Hiking for goods in Japan. Wade Dunstan photo.

I made good friends with Rip. Later that winter, I was going over to Japan with Drink Water crew. They were working on Pathology. I booked a ticket to hang out a week longer to with Rip and Taro Tamai. At the end of a week of riding with them, they asked me to join the team. But I couldn’t at the time because of my commitment to Jones Snowboards.

Gentemsticks are designed to float through Japan's famously deep powder. Wade Dunstan photo.

It’s funny to say that your board sponsor can change how you ride. Something about Gentemstick is so special. The philosophy and energy behind the brand is way more in synch with what I want to do.

Growing up in Jackson, you’re sort of shot out the cannon of what is available. So you want to go as fast as you’ve ever gone in your life today? You can–inbounds. You want to hit a 50-foot cliff? You can do that–inbounds. So your turning skills build quickly because you need to hold an edge in steep, inbounds terrain.

Lately my quiver has had boards any from 140 to 180. Every day can be an entirely different experience. Jackson can be a great mountain to do that. I wake up, and think, ‘What kind of mood am I am in today?’ If don’t feel like getting super-extreme, I can take a 144-swallowtail to Casper lift. I can have fun on an intermediate groomer, the same run a family from Michigan would ski.

It opens up under-considered spaces on the mountain, space I would by-pass to hit a jump. Now, I ride a little bit different board, and runs that I didn’t even look out have become some of my favorite runs.

It’s been a revival of enjoying Jackson to its fullest in a new way. I’ve been thinking, ‘Okay, I got a new flow here.'

Sending it through the trees.
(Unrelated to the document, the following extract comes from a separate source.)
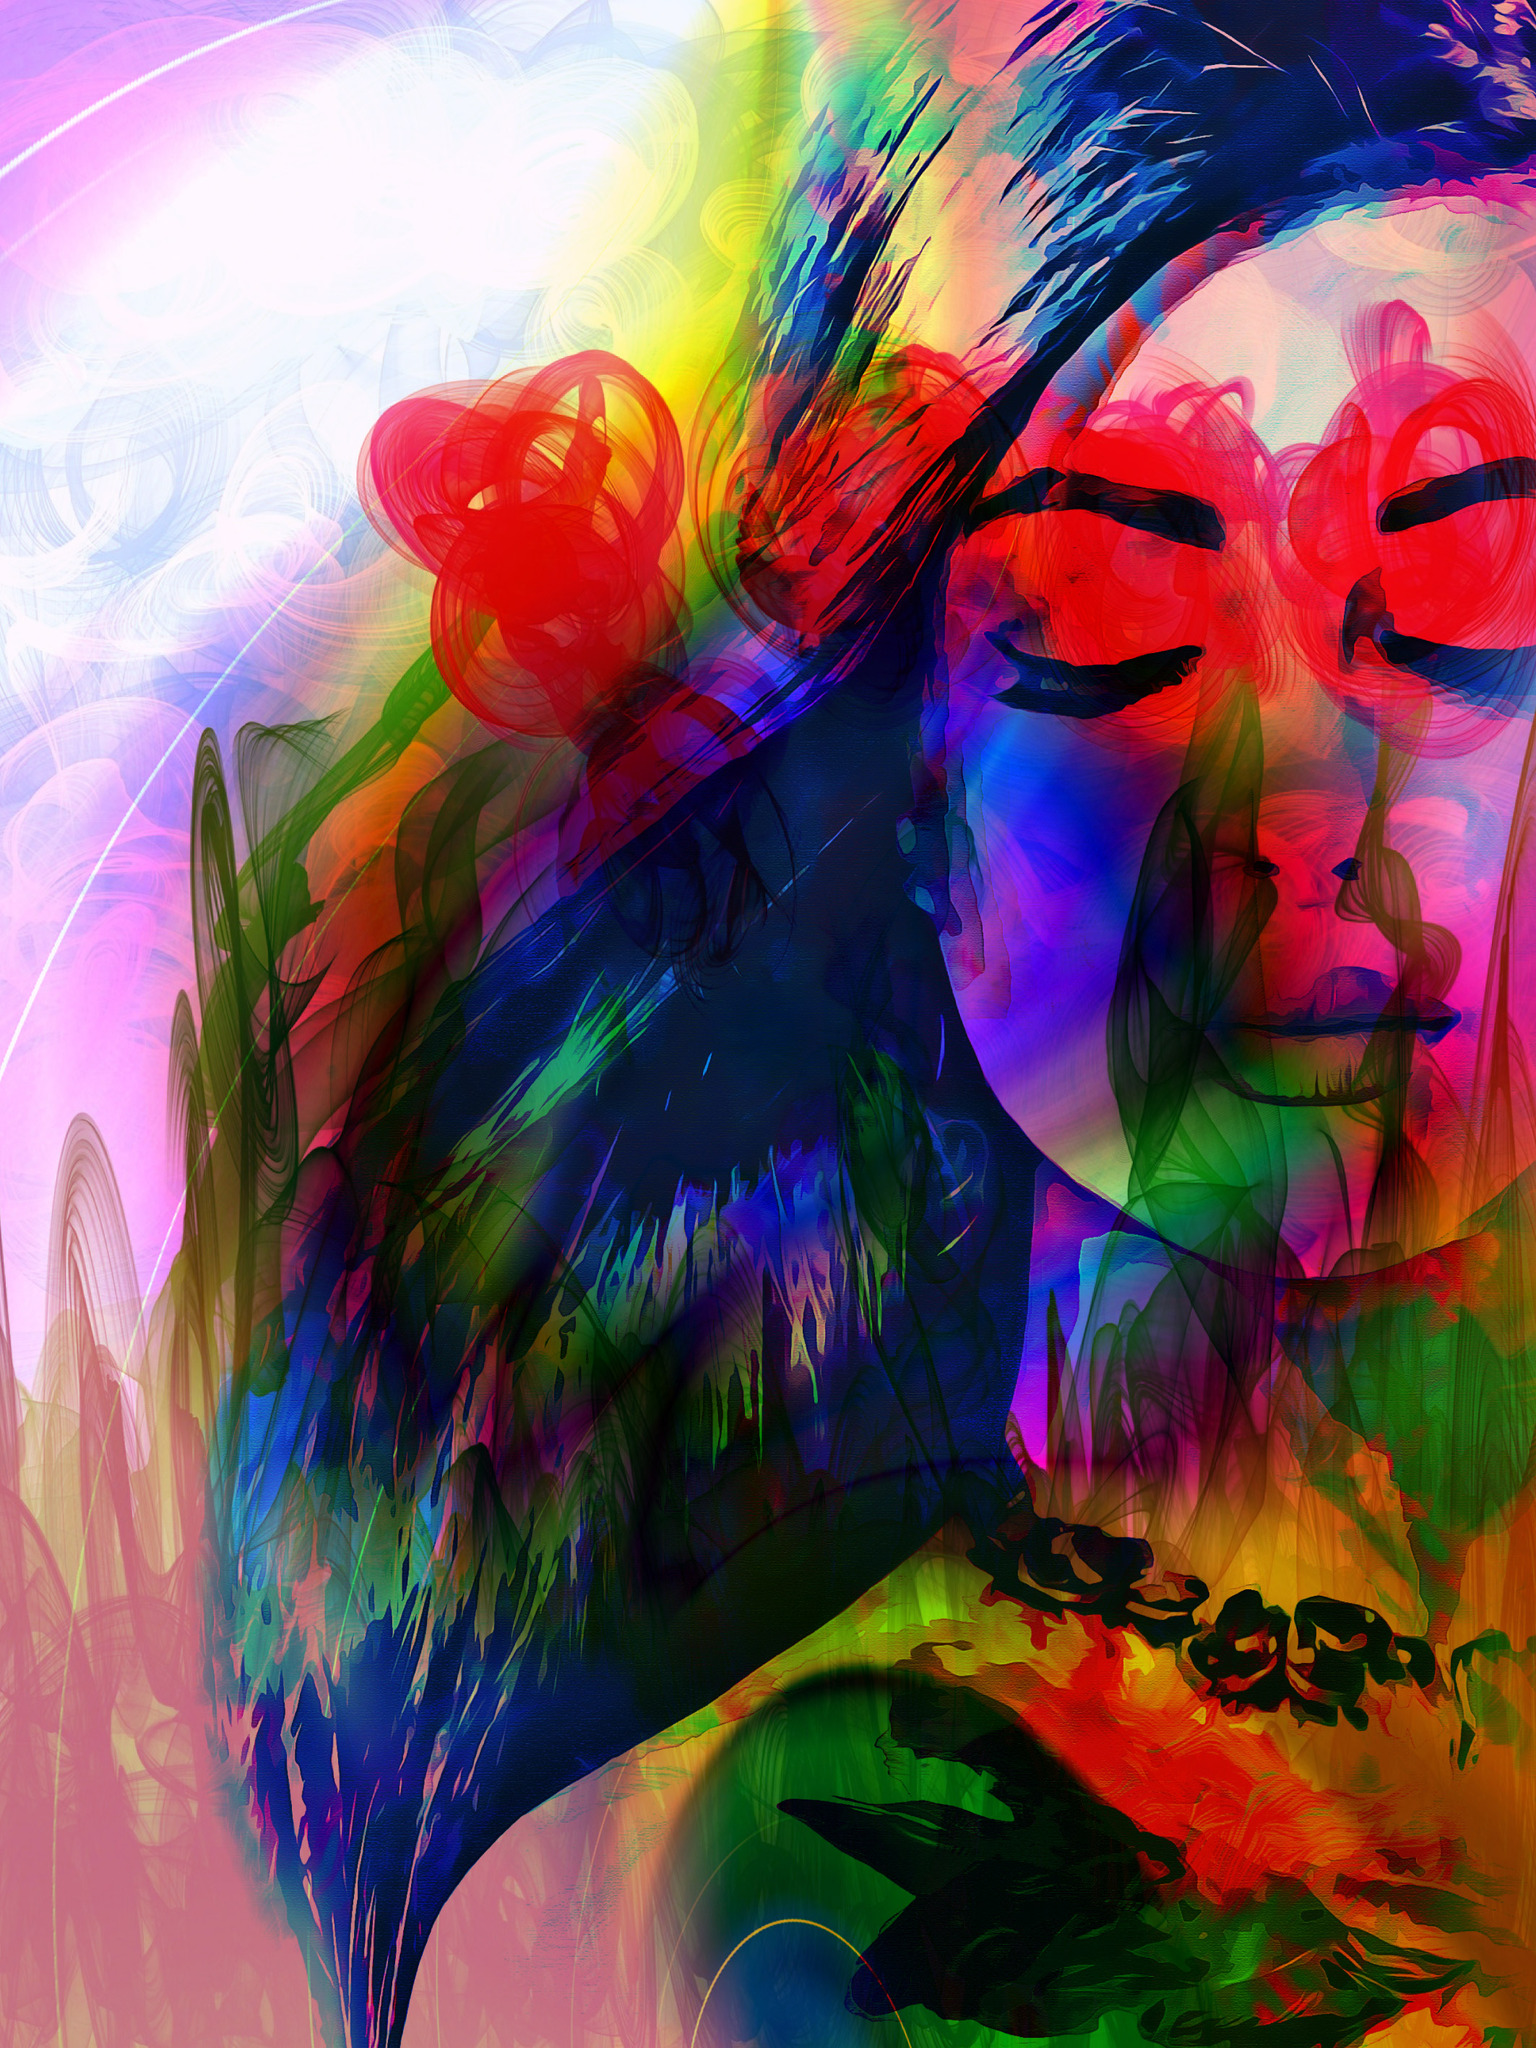 Graphic Art "The beautiful woman's inner face"

Wade Dunstan photo.

I guess I’ve always been pretty logical. I’ve kind of been able to assess risk, and air on the side of safety. I’m not super-reckless. I can be reckless at times, for sure. But I’ve been really privileged to hang out with certain people over the years who’ve helped me understand mountain awareness, especially Bryan Iguchi. He imparted his knowledge and general Zen wisdom on me. During my first few years filming, he really encouraged me to get my Wilderness First Responder certifications and avy classes.

Snowboarding has been growing super-quickly. That’s been given people more motivation to try things in films. The adrenaline rush from cheating death is addictive. The way content comes out, literally in your pocket, so many more people are psyched to get out there, so there are better odds for higher statistics when it comes to accidents. There’s also a lot more freedom of interpretation about how you want to set your course. I want to do this for a long time, so I’m doing my best to consider that when I’m deciding whether or not to put myself in a dangerous situation.

In my off-snow life, I made it a goal to stay in Jackson this summer, except for the Rat Race at Mt. Hood. I have been traveling so much for the past six years, and not being in one place for more than five weeks. I’m gardening, and enjoying being at home.

Yoder with the Gentemstick team. Wade Dunstan photo.

I feel like it’s easy for us to become a little over-committed to our passions. Snowboarding for me is the best thing in the world to do, but there are a lot of other experiences that are worth trying and a lot of lessons to be learned outside of snowboarding.

I’d say I have a pretty loose program. The season before last, it was first time I went to Japan. I was with a bunch of Americans. We were existing in our little American bubble, really a rental van. We weren’t immersed in the culture. We weren’t trying to understand customs. Then everyone left, and I hung out with only Japanese people, and that was what I was waiting for. I came back to Japan a few weeks later to work on a Patagonia project. Taro’s philosophy, the Niseko style of riding–I fully fell in love with that.

Yoder dines with Taro Tamai. Wade Dunstan photo.

When this year came around, I knew I had to go back. I can fully fall in love with certain places: Jackson, Alaska, Japan. There are a lot more love affairs to have out there. I constantly want to experience new places. Snowboarding is a really great career to be able to say, ‘Hey, let’s do a trip to, Kazakhstan.’ and then you’re there a couple of weeks later. The program, I guess, is just rip around, ride the wave, set some goals and see where it goes.